Zira insan sağlam olduğu sürece mikrop, varlığını korur ama zarar veremez.
Fakat bünye zayıf düştüğünde durum değişiverir; Hasta Adam oluruz.
Sıcak para, en sağlam ekonomik bünyeyi dahi, küresel sermayenin spekülatif akımlarına fazlaca açık hale getiriyor.
Sıcak para da tıpkı dış borç gibi, "makul" içinde kaldığı sürece sistemi "yeni dengelere taşıma" yönünde çok önemli manivelalardır.
Fakat getirdiği kısa vadeli rahatlama, geçici başarılar, eğer yönetilmez ise ardında kalıcı hasarlar bırakır.
Gelirken yakıcı, giderken yıkıcı
Yatırım hacmi hâlâ yetersiz, borçlanma ihtiyacı henüz arzulanan noktaya indirilmiş değil. Yüksek büyümenin sürebilmesi için şart olan yatırımdan vazgeçemeyiz. Yetmiyor, büyümenin istihdamı genişletecek bir karaktere bürünmesi şart.
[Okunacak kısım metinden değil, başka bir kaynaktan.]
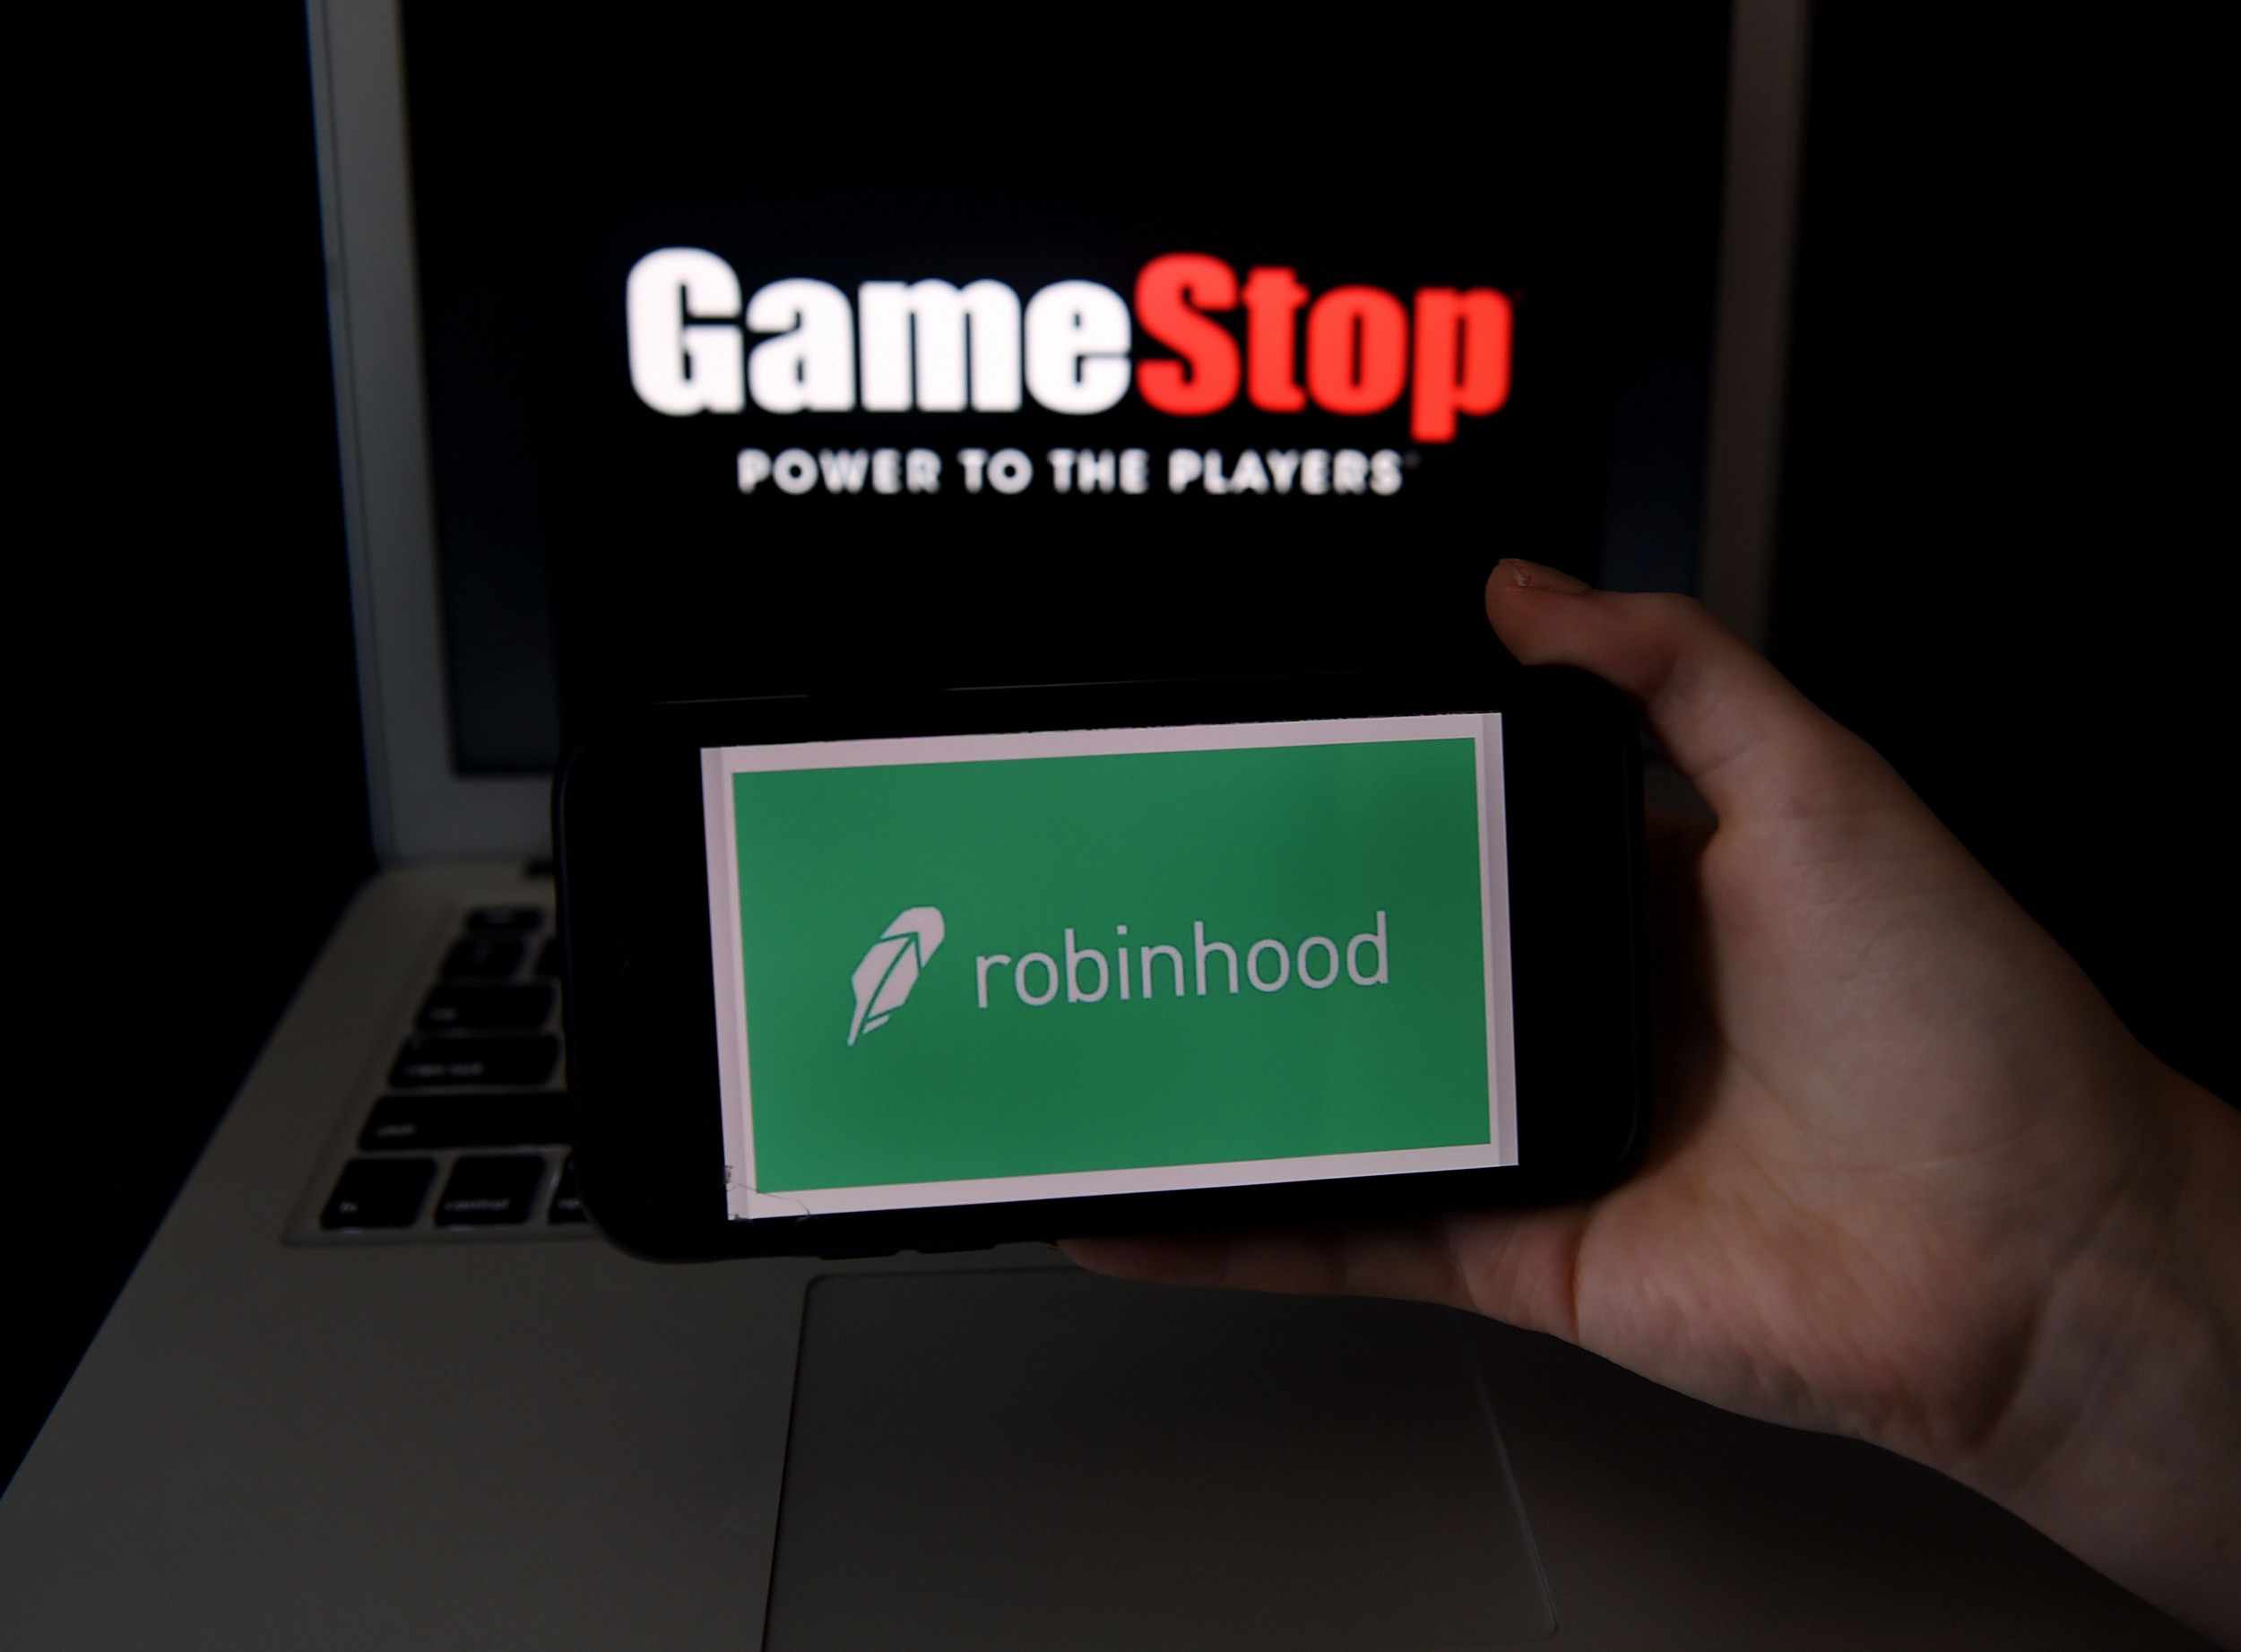 gamestop reddit robinhood ceos live

Yatırım iklimi şimdi bahar havasında fakat "geldiği hızda gitmeye hazır" sıcak paraya çanak tutan para otoritesinin tutumu, her an ufkumuzu buluta boğabilir.
Zira yakıcı sermayenin; ihracat diye bir sorunu yok. İşsizlik derdi değil ve yabancı sermayeden en önemli farkı; faydadan çok zarar vermesi.
Gelirken yakması, giderken yıkması...
Bugün kendisi hasta olan Avrupa, 100 yıl önce bize; "Hasta Adam" teşhisi koymuştu.
Endişem şudur ki; küresel tefecilerin ilgi odağı olmak, Avrupa'nın hastalığını bize de bulaştırabilir.